Start of Exercise data
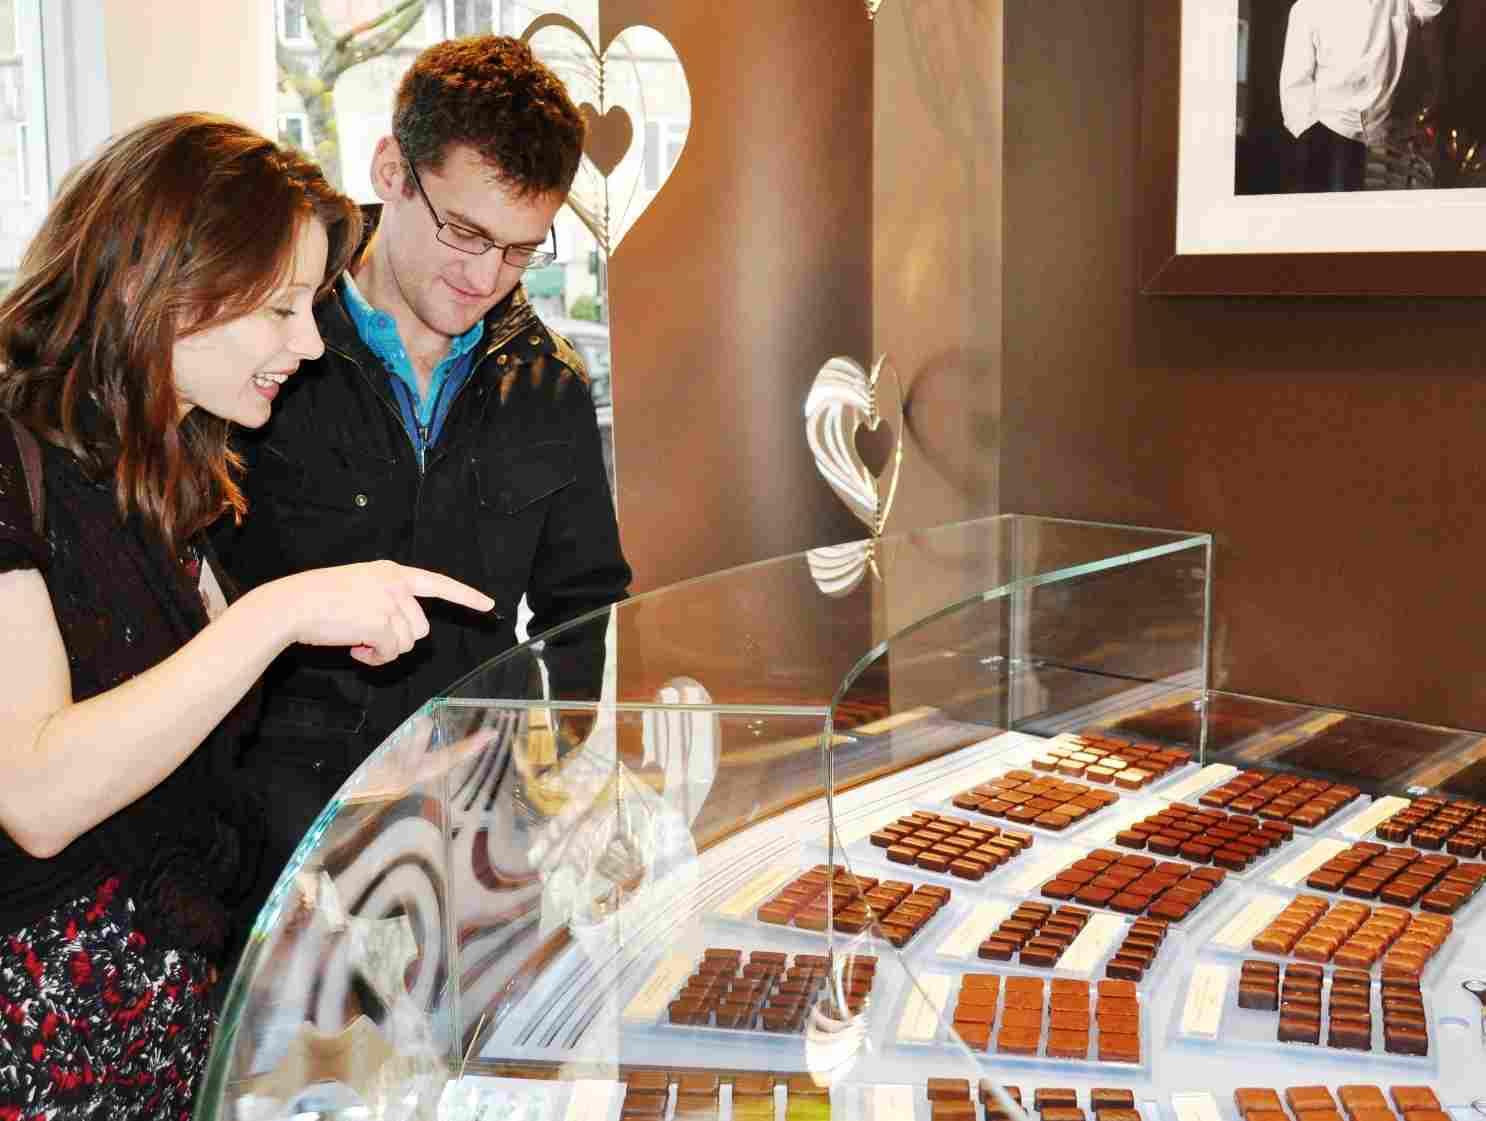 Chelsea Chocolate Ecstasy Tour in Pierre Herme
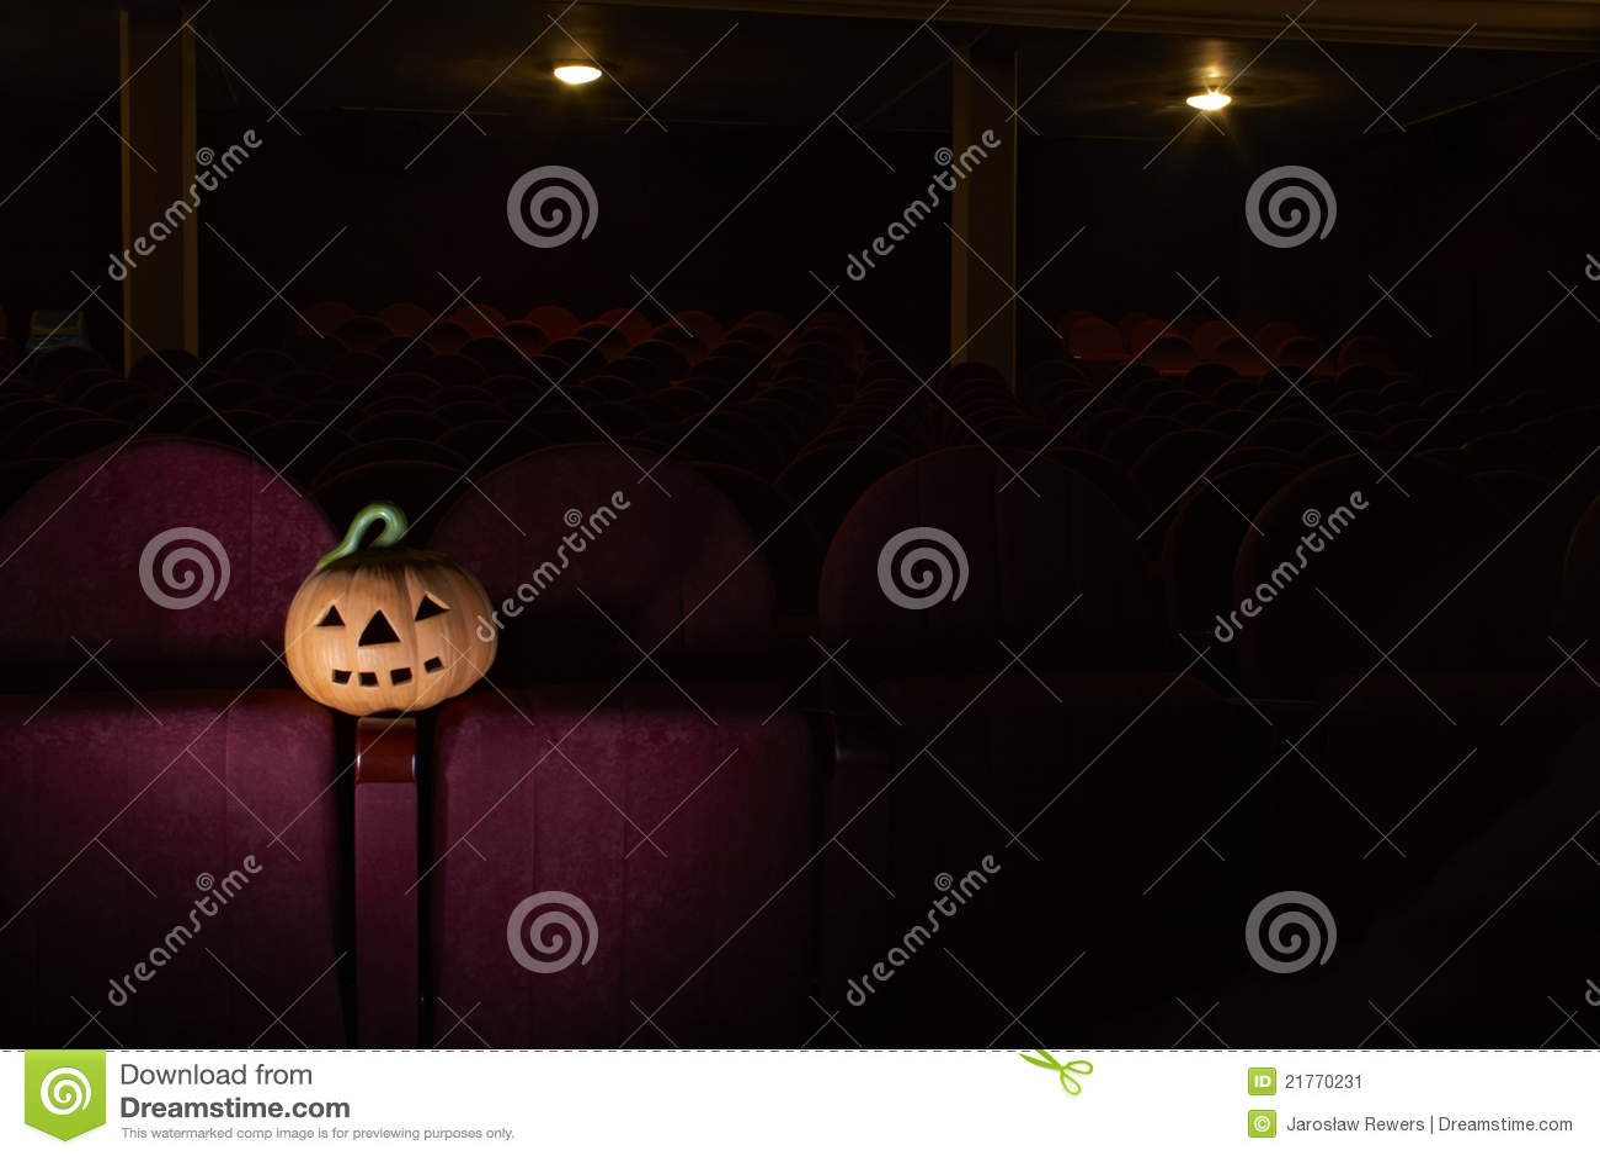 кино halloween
End of Exercise data
Start of Exercise data
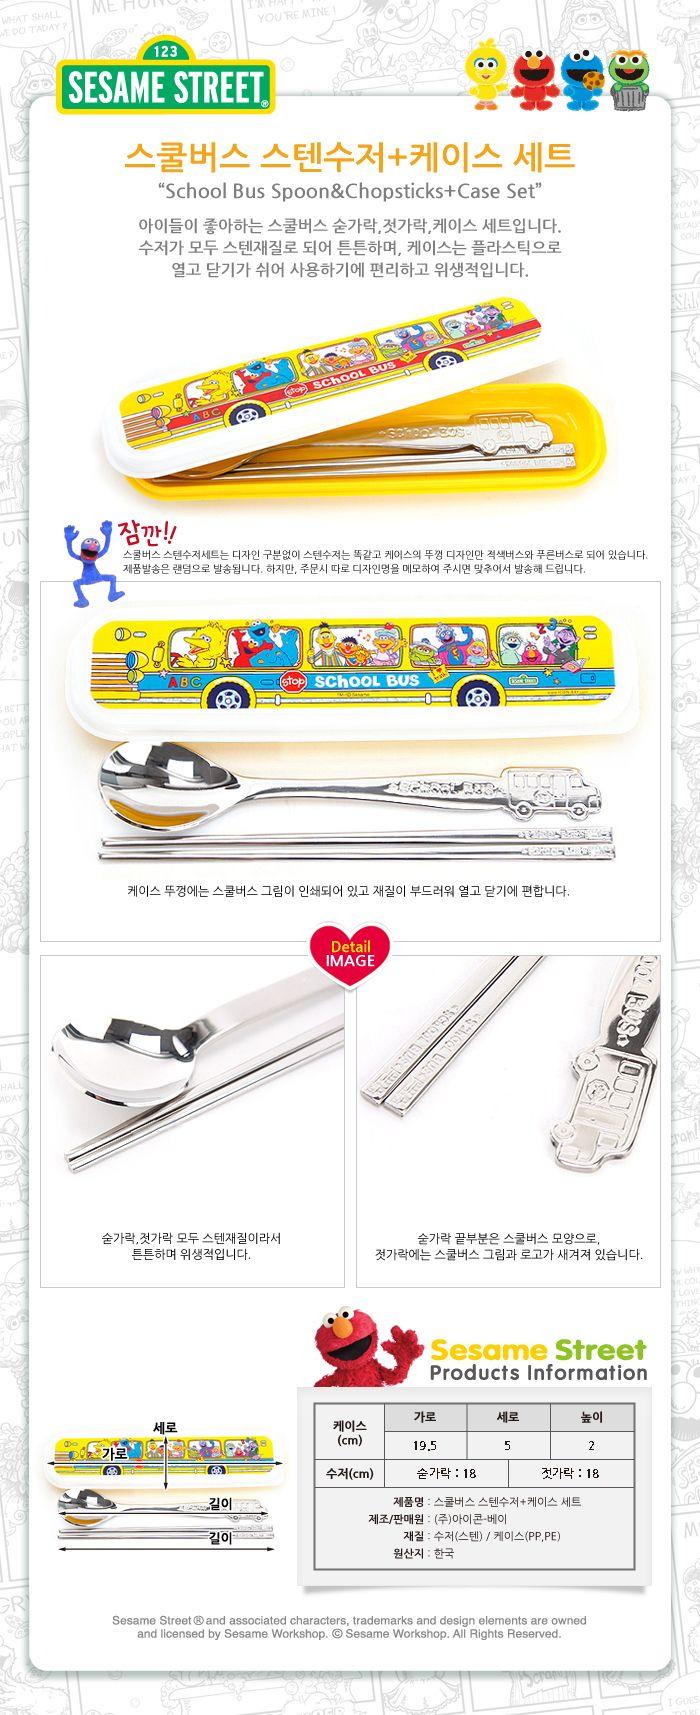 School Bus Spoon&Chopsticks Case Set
End of Exercise data
▶ [What you should do]: In the data above, take the line with "Chelsea Chocolate Ecstasy", the line with "кино halloween", and every line between, and set them down exactly without pictures.

▶ [Finished exercise]:
 Chelsea Chocolate Ecstasy Tour in Pierre Herme
 кино halloween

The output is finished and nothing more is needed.